DETAILED DESCRIPTION

In the following descriptions, the present invention will be explained with reference to various exemplary embodiments. Nevertheless, these embodiments are not intended to limit the present invention to any specific example, environment, application, or particular implementation described herein. Therefore, descriptions of these example embodiments are only provided for purpose of illustration rather than to limit the present invention.

A first exemplary embodiment of smartglasses with a light-guiding arrangement according to the invention is described below with reference to FIGS. 1 to 4. In this case, FIG. 1 shows the smartglasses and FIG. 2 shows the essential optical elements of a light-guiding arrangement 3 of the smartglasses. Furthermore, FIG. 2 illustrates a display 1 and—highly schematically—the eye lens 15 and the retina 17 of a user of the smartglasses.

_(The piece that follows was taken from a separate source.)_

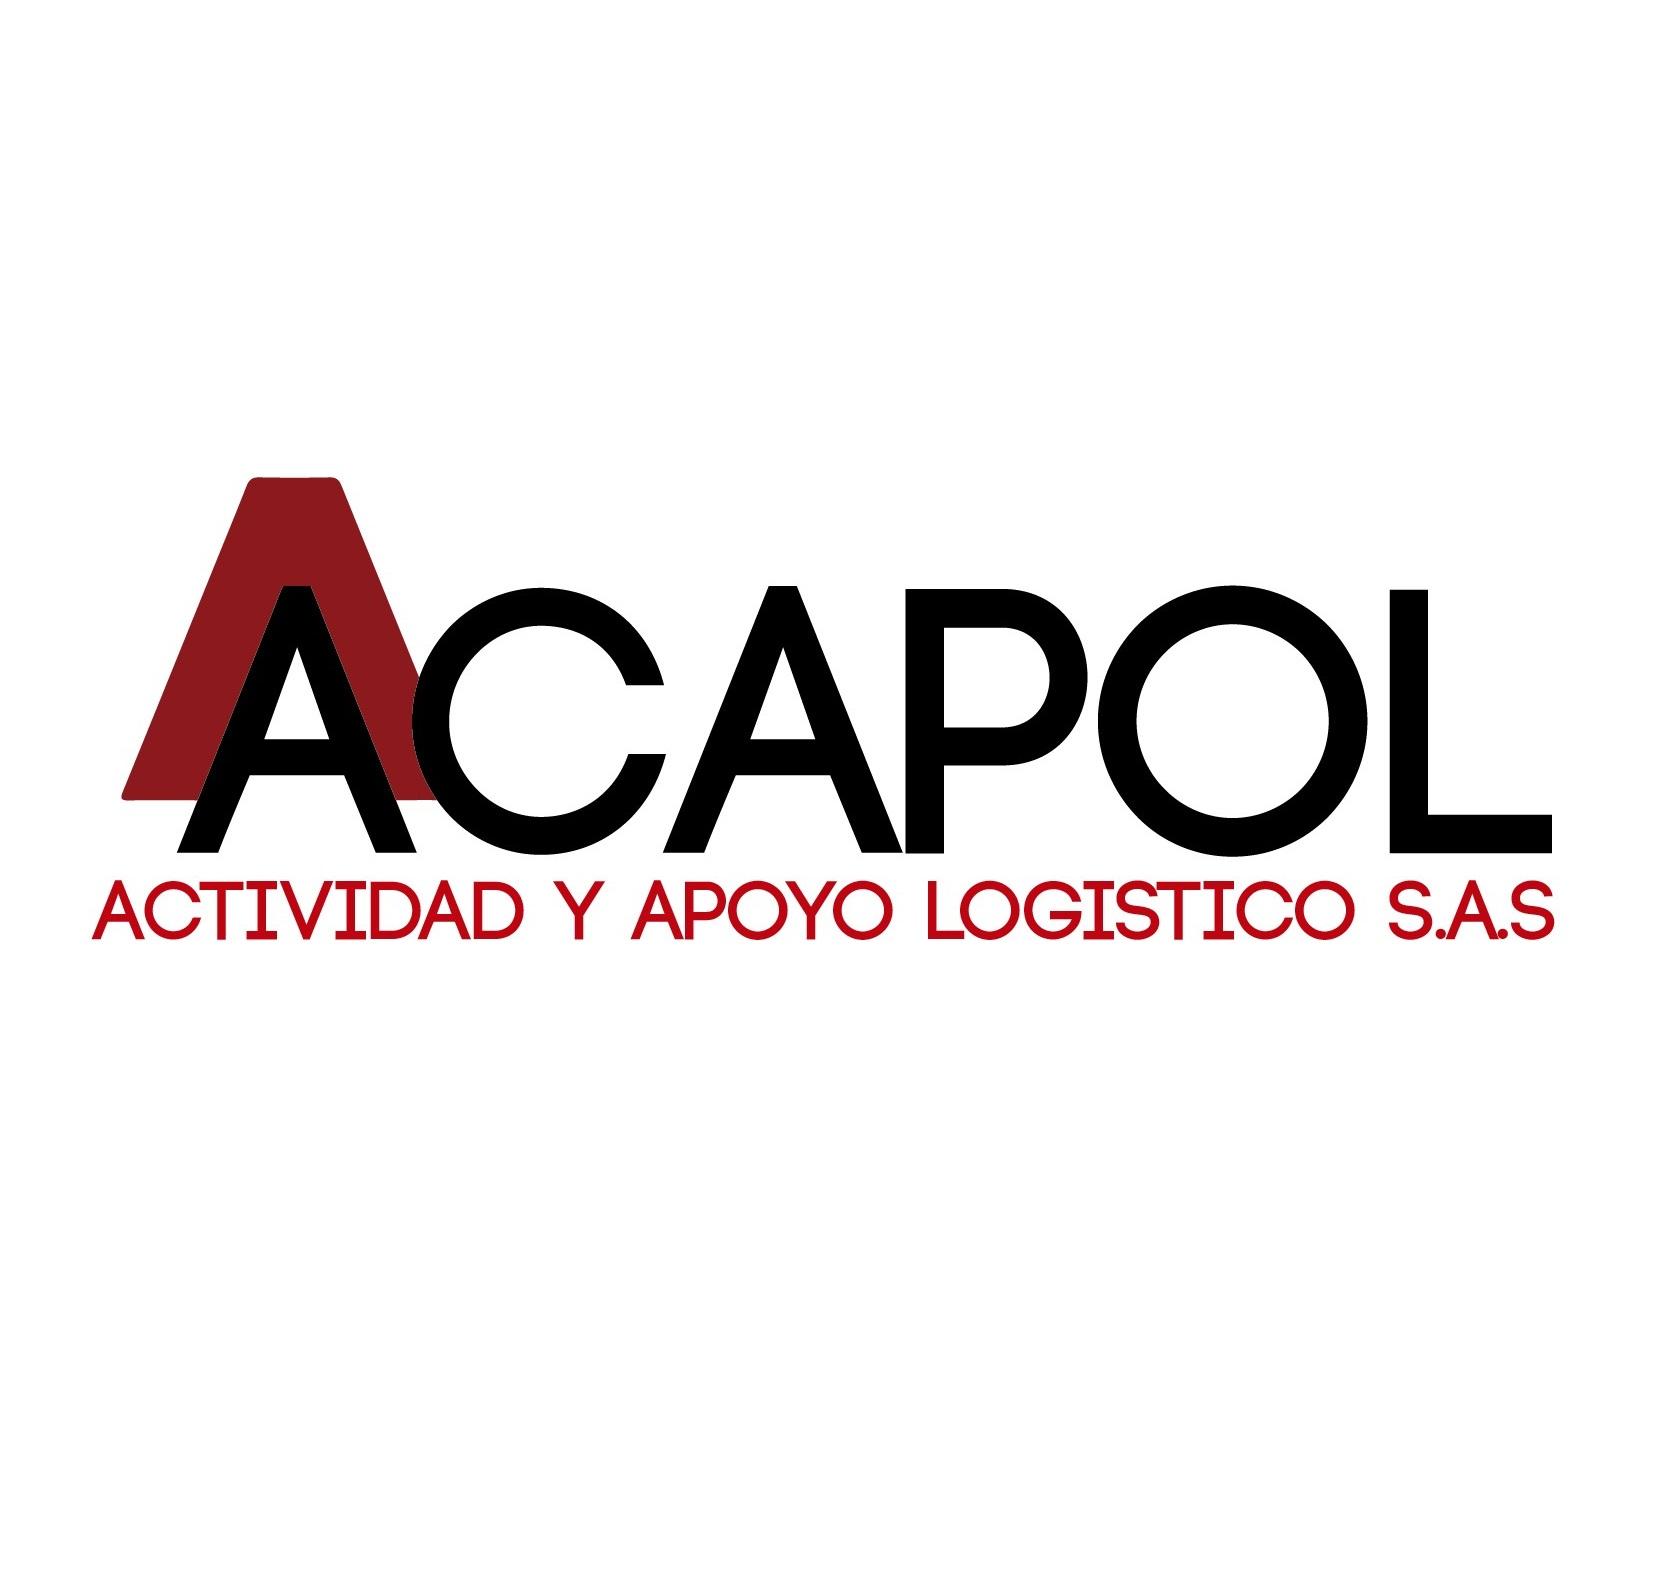 ACAPOL S.A.S.

FIG. 1 shows one exemplary embodiment of smartglasses 20. The smartglasses comprise a spectacle frame 21, into which two spectacle lenses 22 and 23 are mounted. Displays (not illustrated in FIG. 1) are arranged in the spectacle earpieces, said displays displaying original images that are intended to be imaged onto the retina of the user of the smartglasses by means of an imaging optical unit of the smartglasses 20. In the present exemplary embodiment, the imaging optical unit of the smartglasses 20 is formed by the spectacle lenses 22 and 23, which simultaneously serve as optical waveguides. However, the imaging optical unit can also comprise optical elements outside the spectacle lenses. Such elements would be arranged in particular between the spectacle earpieces 24, 25 and the spectacle lenses 22, 23.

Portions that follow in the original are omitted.